‘Frances Ha’

Você se lembra de quando era criança e passava horas fantasiando como seria sua vida quando crescesse? Se a resposta for positiva – o que é muito provável, já que a nossa imaginação na infância costuma ser bem fértil e o futuro é um vasto campo a ser explorado (e sonhado) -, você se imaginava exercendo uma profissão de sucesso, morando em uma casa incrível com a família perfeita que formou e cercado de muitos amigos.

Frances (Greta Gerwig) se via como uma grande bailarina, dançando nos palcos mais famosos do mundo. Perto de completar trinta anos, um divisor de águas definitivo para a fase adulta e uma idade na qual muita gente entra em crise, ela percebe que o futuro imaginado está mais distante do que ela gostaria: o término com o namorado, o afastamento da melhor amiga com quem ela dividia um apartamento e a instabilidade da companhia de dança da qual faz parte como bailarina substituta.

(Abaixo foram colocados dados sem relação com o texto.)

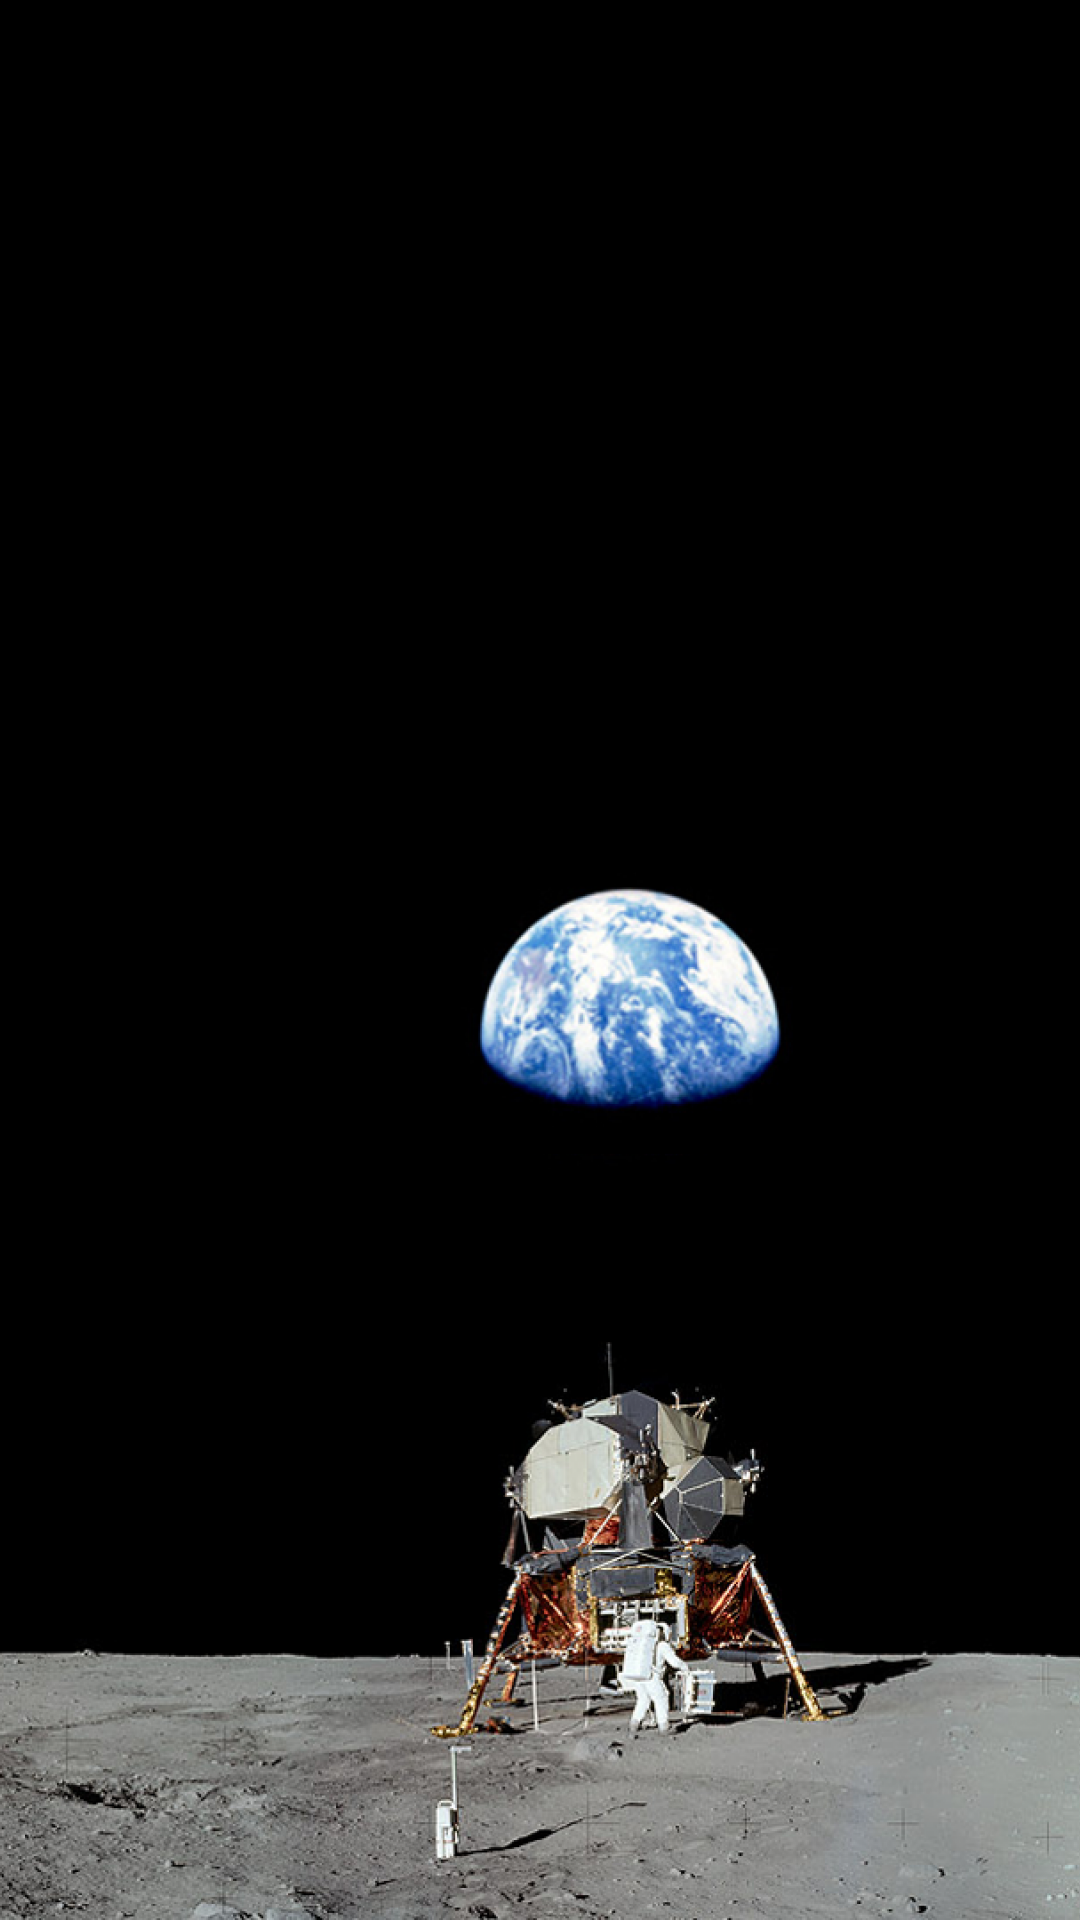 Astronaut iPhone Wallpaper

Enquanto a vida perfeita que tinha planejado para si parece afundar cada vez mais, Frances tenta manter a cabeça fora d’água e respirar. Passando de uma frustração a outra, a jovem de 27 anos vai aprendendo a lidar com os dissabores e com uma realidade que, por mais que queira, não pode evitar: a juventude, aos poucos, vai se esgotando e ela precisa assumir as responsabilidades da vida adulta.

Não se deixe enganar pela sinopse pessimista e pela fotografia em preto e branco que torna ainda mais melancólico o filme de Noah Baumbach (dos ótimos ‘A lula e a baleia’ e ‘História de um casamento‘) lançado em 2012 e disponível no catálogo da Netflix. O roteiro – escrito pelo próprio Noah em parceria com a protagonista, a atriz e hoje diretora Greta Gerwig – oferece momentos bastante singelos. Calcado em uma personagem muito bem construída, com a qual os espectadores se identificam logo de cara, ‘Frances Ha’ retrata com humor e doçura a vida de uma pessoa que é absolutamente comum, mas, nem por isso, menos interessante.

Foto: divulgação

‘Nem que a vaca tussa’

O início dos anos 2000 foi bem difícil para a Disney, em que o estúdio enfrentou a concorrência pesada da Pixar, que lançou animações como ‘Monstros S.A.’ (2001), ‘Os incríveis’ (2004) e ‘Carros’ (2006), obras com roteiro e estética muito mais interessantes que ‘A nova onda do imperador’ (2000), ‘Atlantis: o reino perdido’ (2001) e ‘Leitão: o filme’ (2003), da Disney. A única exceção é ‘Lilo & Stitch’ (2002). Até que, em 2006, a Disney comprou a Pixar e recuperou a qualidade com ‘Ratatouille’ (2007), ‘Wall-e’ (2008) e ‘Up: altas aventuras’ (2009).

Foi no período de vacas magras (com trocadilho, por favor) que a Disney lançou, em 2004, ‘Nem que a vaca tussa’ (‘Home on the range’, no original). Escrito e dirigido por Will Finn e John Sanford, o filme conta o périplo de três vacas – Maggie, Grace e senhora Caloway – para salvar a fazenda onde vivem de ir a leilão por causa das dívidas acumuladas. Para isso, elas vão precisar capturar um bandido perigoso, Alameda Slim. Ele é capaz de hipnotizar o gado para roubar o rebanho, revendê-lo e, depois, comprar as fazendas cuja falência ele mesmo provocou.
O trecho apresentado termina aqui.